Was Johnnypatteenmickey, Pat’s character in The Cripple of Inishmaan, a mix of the pub’s well-loved patrons?

“A good mix of a few of them!” said Pat, laughing, who left a legacy of community spirit in the landmark pub in Castlemartyr. 

“I firmly believe in community spirit and making everything go round,” he said.

Pat, well-known writer of, and actor in, the long-running TV series Killinaskully, could get inspiration for another script from the history behind the Hunted Hog.

Local legend has it that the Hog was a wild, frightening, colossal, 600 pounds of flesh and grist, terrorising the rolling pastures and dappled woods of Castlemartyr in the 15th century. It was feared by man and beast, and the village chief offered a princely price to anyone who could kill it or capture it alive. But folk hid in their houses, afraid to come out.

Legend has it that on a crystal clear night, Fitzgerald of the Geraldines left home without a sound. Over field and stream his wet feet trod until he reached a place known as’ Cnoc na Chollag’.

From a thicket, he heard a terrible roar and out of the shadows came the great boar. Fitzgerald raised his sword high over his head and in one fell swoop, the beast was dead.

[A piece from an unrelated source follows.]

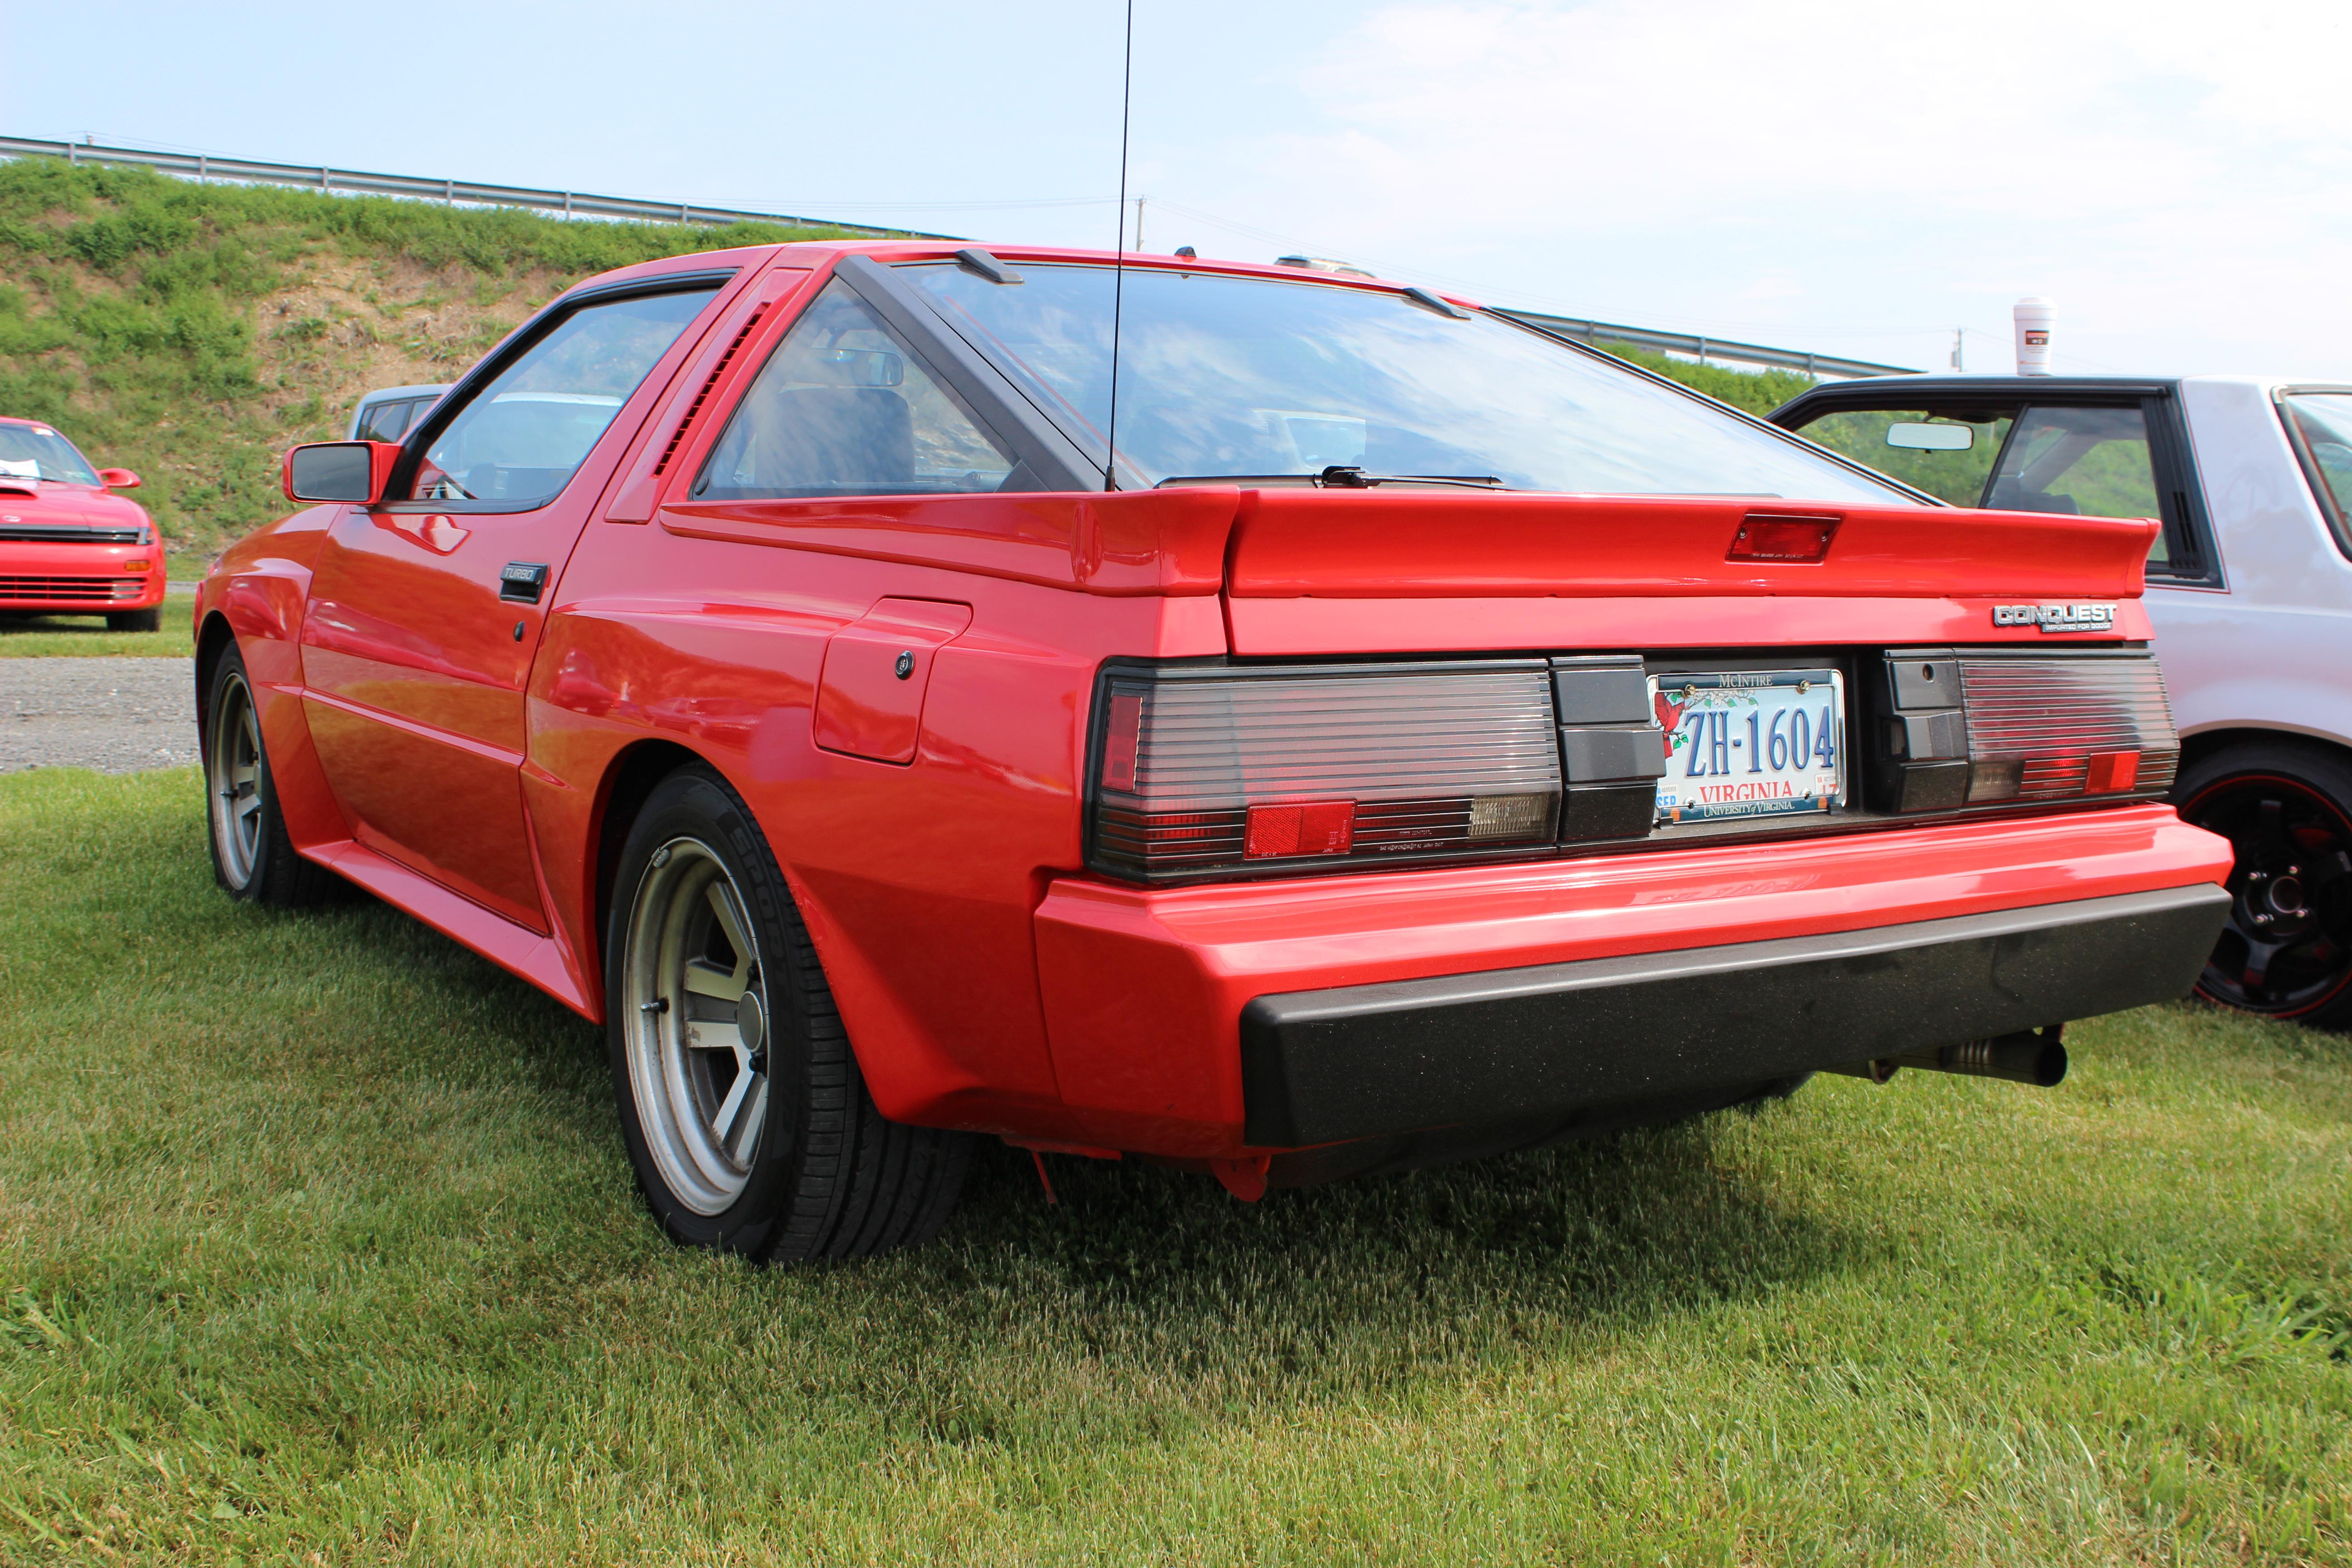 Filechrysler Conquest 17746147802 Wikimedia Commons Mitsubishi Starion Dodge

Peace was restored to Castlemartyr.

Today, in the old church yard at Ballyyoughtera, you can find a stone marked by a boar and cross etching.

“Having The Hunted Hog and Clifford’s pub, which are two great pubs on the main street, is a real bonus,” says Orla McGovern.

“We are all looking forward to later in the summer when we can go and meet each other in our local again.”

And as the former owner Pat Shortt says: “Community spirit is what life is all about.”

The seller at Sherry Fitzgerald described The Hogs Head, formerly Shortts, as a ‘great opportunity’ and noted its prominent position on the Cork-Waterford road as well as its popularity among locals and potential future development.

Ronan Murphy part owner of the Europium Company who own Hunted Hog, said: “This has being a very exciting project for us and the welcome we have received in Castlemartyr since we took over has been superb. 

"It’s a super village with very active groups constantly driving positive developments in the community.

“There has been plenty of interest, however we are fully committed to getting the premises back up and running and improving our offering until a suitable buyer comes along.”